No expert here, but:

Considering the devellopement time of a new aircraft and the aquisition time of equipment from DND:
Even if we get chinooks again in the next couple of years, by the time this new type of helicopter comes around, the chinook will be ready to retire. So no reason to skip on the medium/heavy lift at this moment

My 2 cents.


----------



## Good2Golf (1 Nov 2005)

Dissident said:
			
		

> No expert here, but:
> 
> Considering the devellopement time of a new aircraft and the aquisition time of equipment from DND:
> Even if we get chinooks again in the next couple of years, by the time this new type of helicopter comes around, the chinook will be ready to retire. So no reason to skip on the medium/heavy lift at this moment
> ...



Dissident, are you saying the Chinook will retire in the 2007/2008 timeframe, hence we shouldn't consider them?  ???

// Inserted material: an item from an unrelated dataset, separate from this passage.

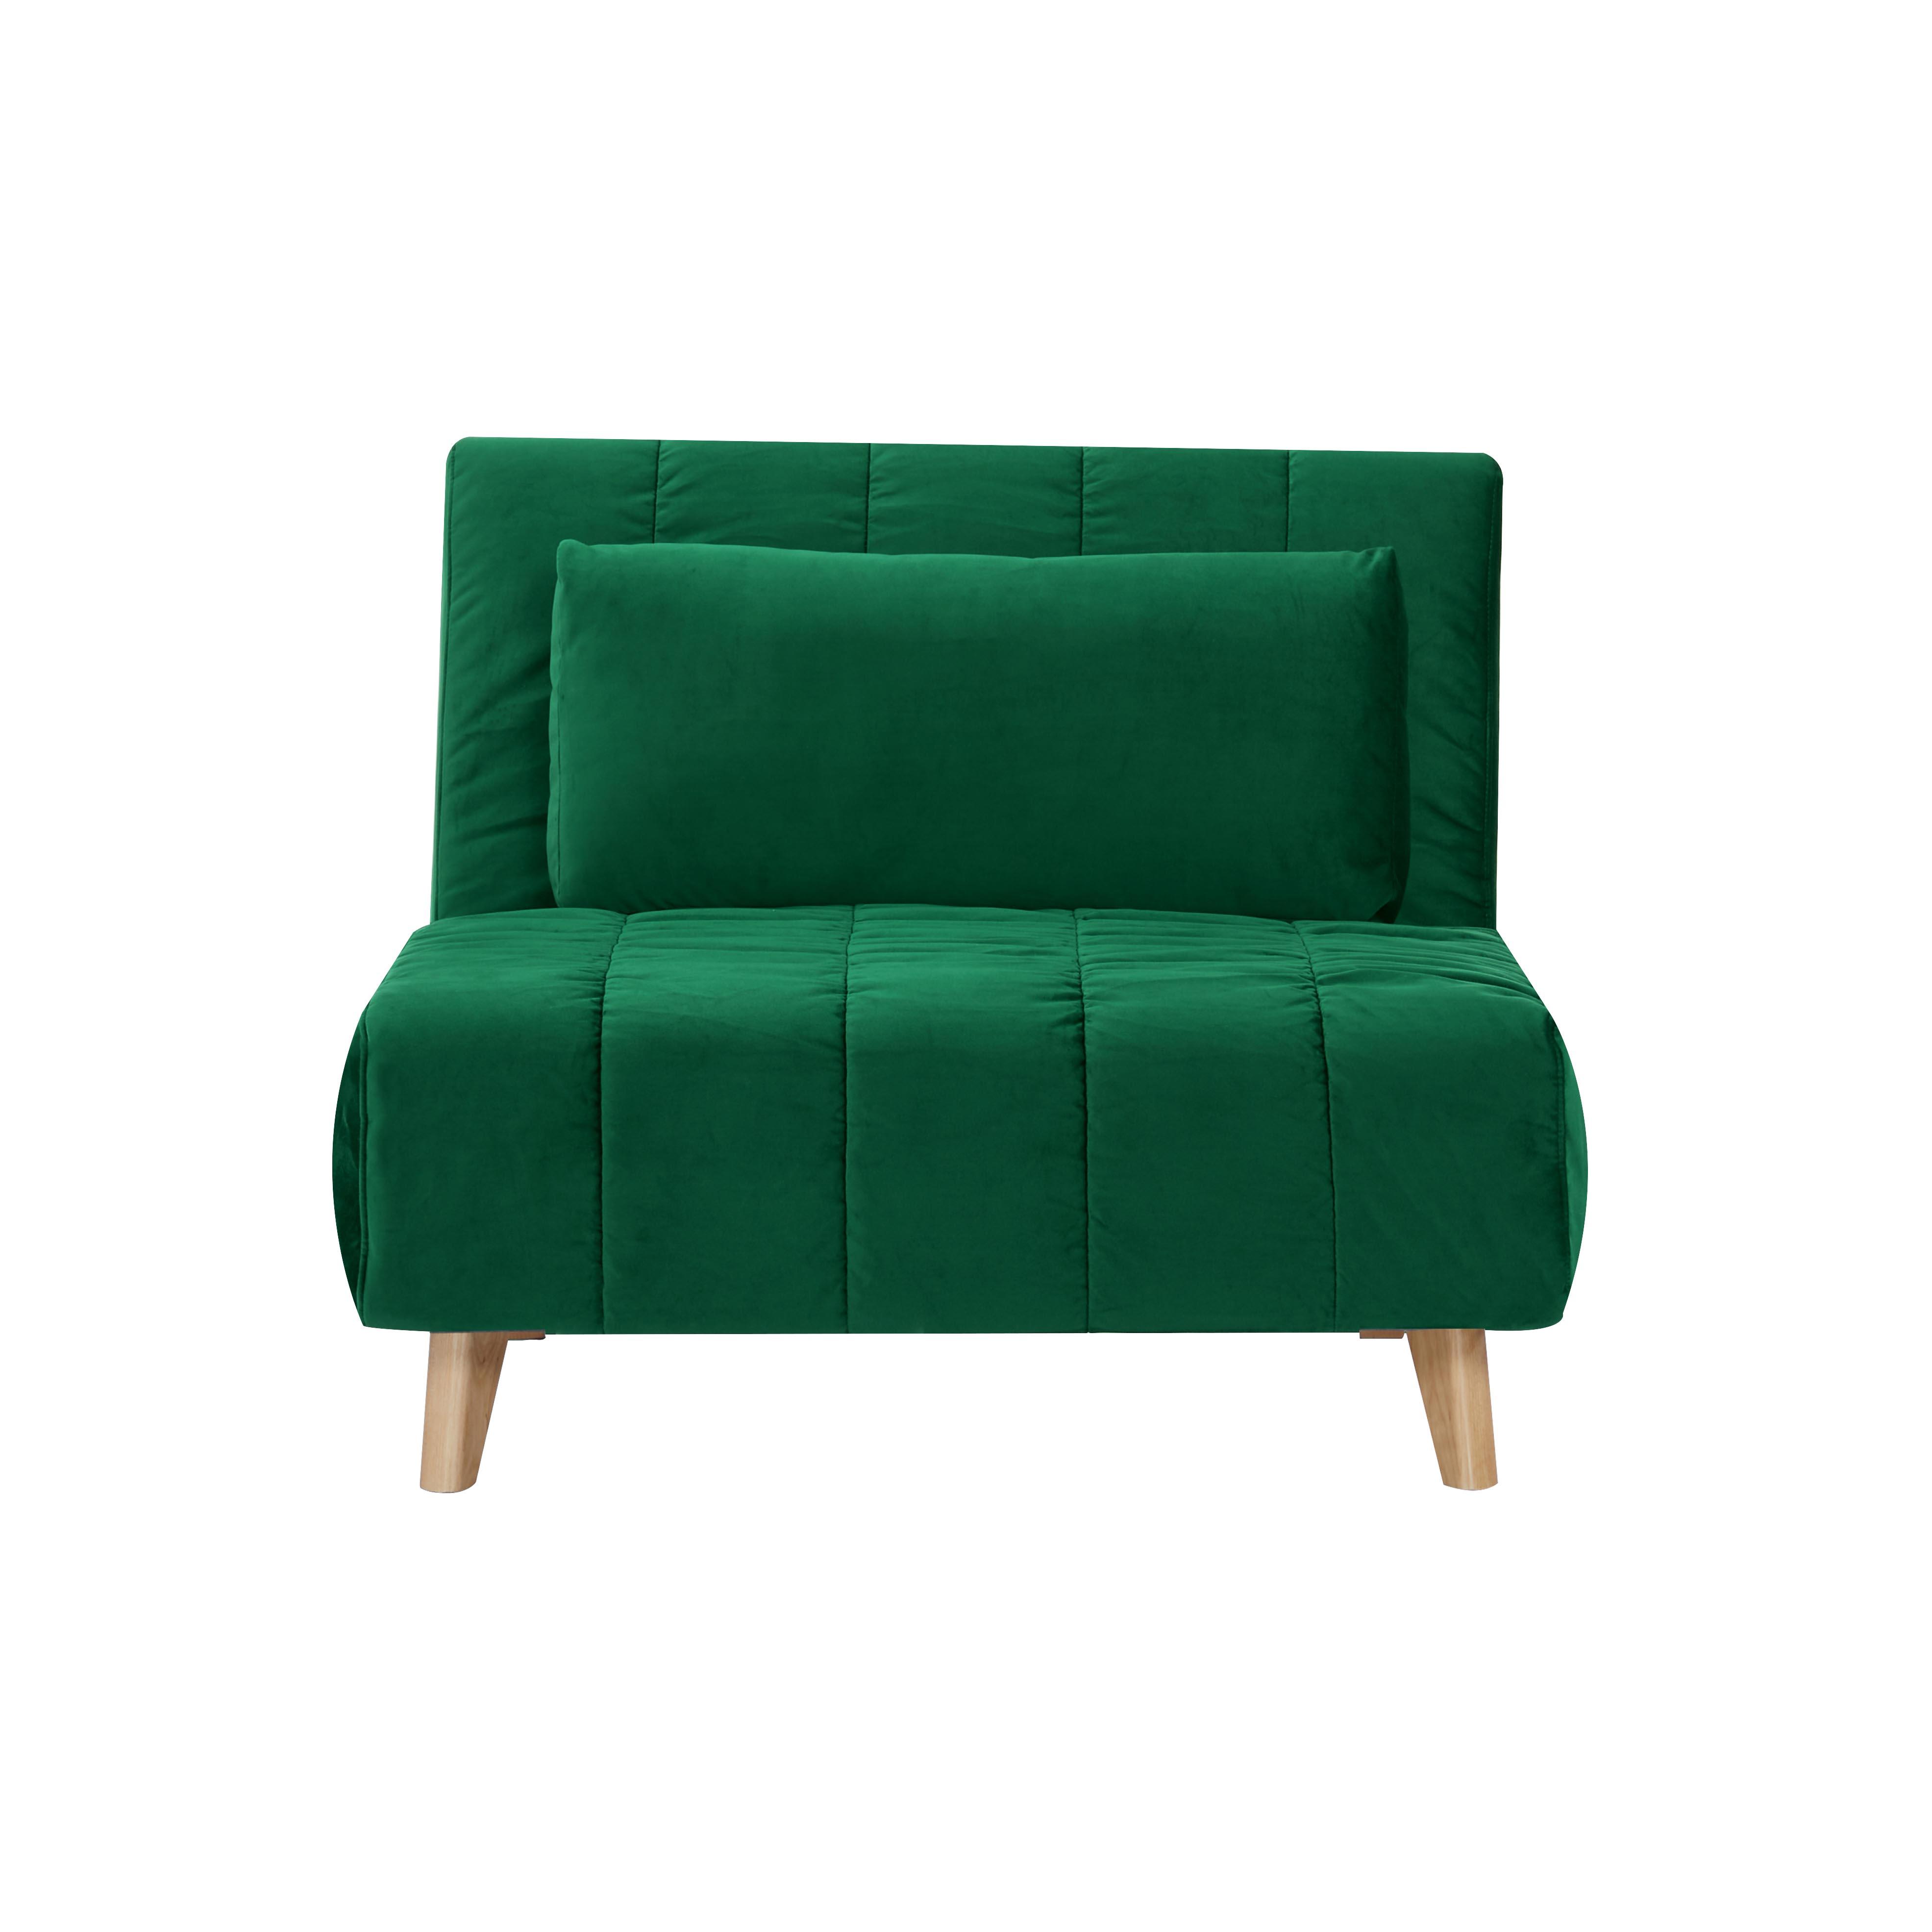 Rozkládací Křeslo Levin - Zelené - zelená, Moderní, dřevo/textil (103/94/82cm) - P & B
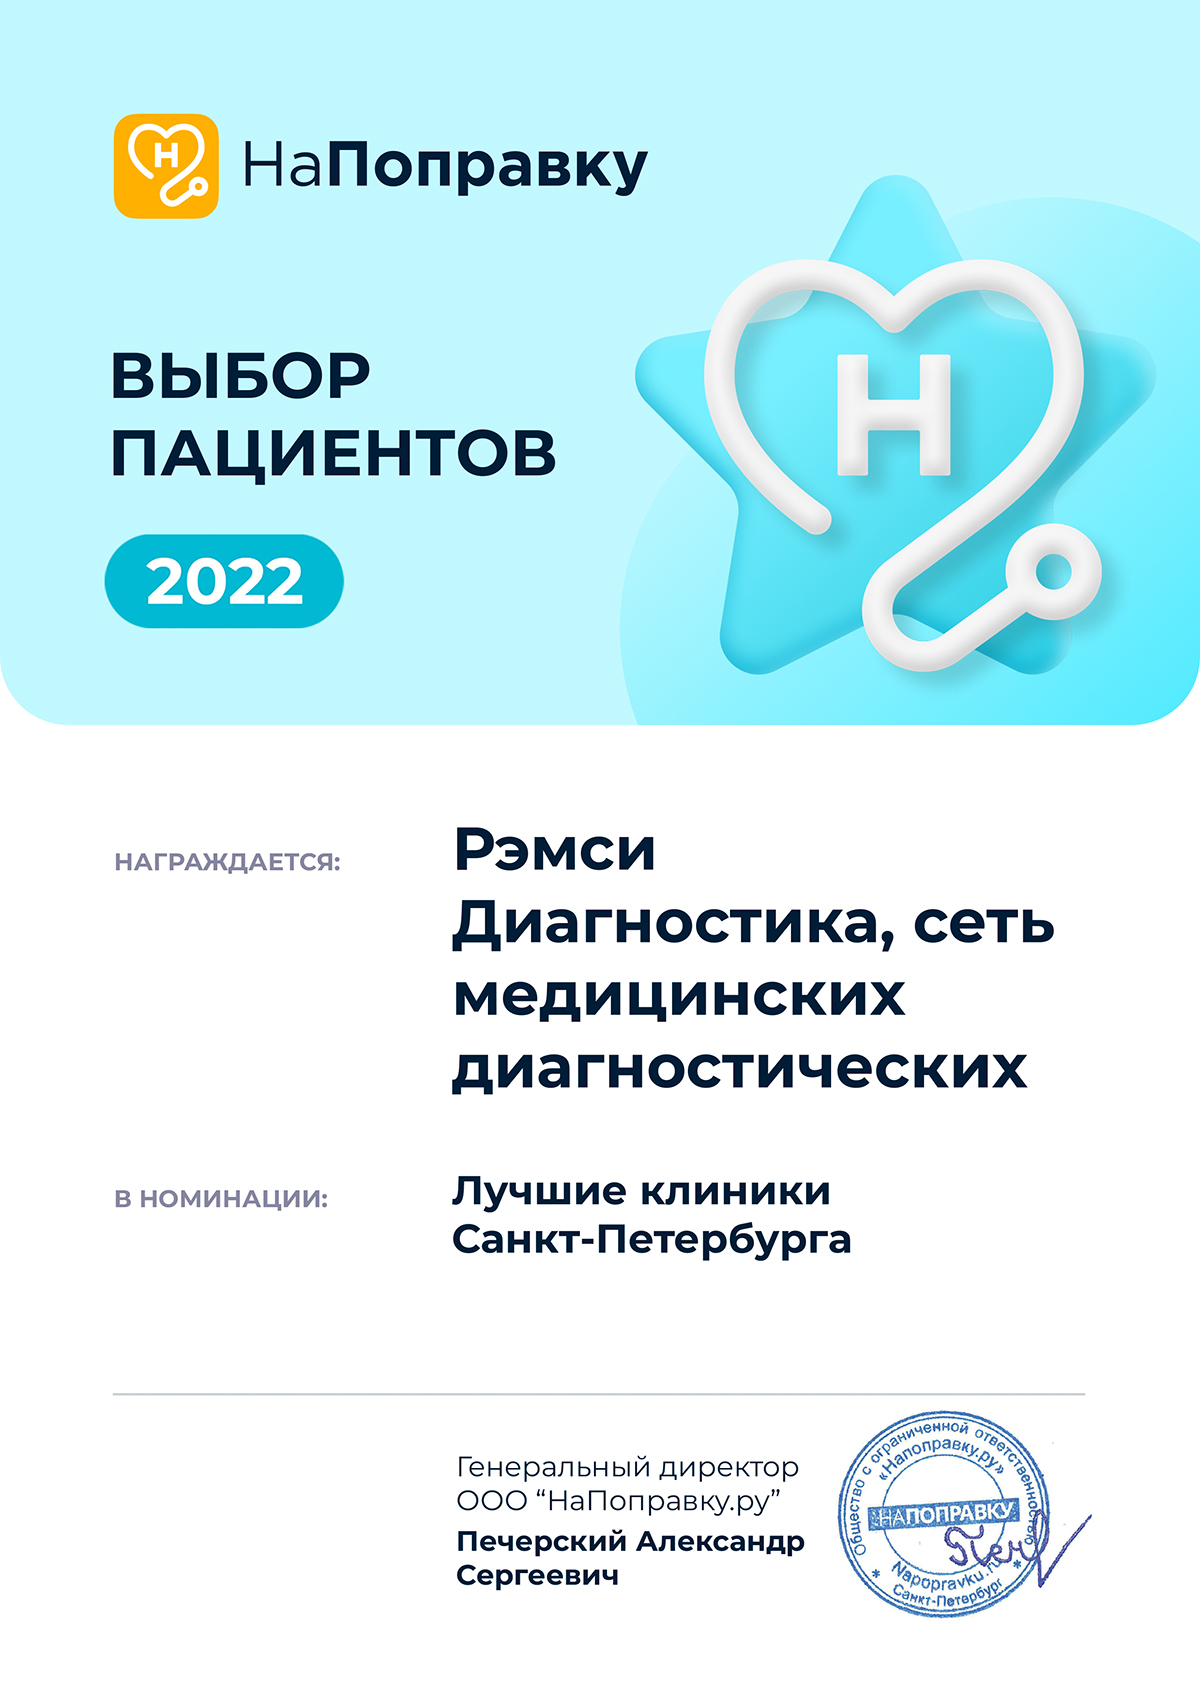 Сеть МДЦ “Рэмси Диагностика” стала победителем в номинации “Лучшие клиники Санкт-Петербурга”

US Army plans are for an ELE of 2025-2030. http://www.globalsecurity.org/military/systems/aircraft/ch-47f-ich.htm  The Hook will be around for a long, long time.

Cheers,
Duey


----------



## Dissident (2 Nov 2005)

No, I meant the exact opposite. Get the Chinook now, it will be ready to retire when the next helicopter gets into production.


----------



## Good2Golf (2 Nov 2005)

Dissident said:
			
		

> No, I meant the exact opposite. Get the Chinook now, it will be ready to retire when the next helicopter gets into production.



Seen....as in get Hook now, and JTR (Joint Transport Rotorcraft - US Army, USMC combined future requirement) will arrive at about the pre-planned 2025 timeframe, kind-of-thing....?

Cheers,
Duey


----------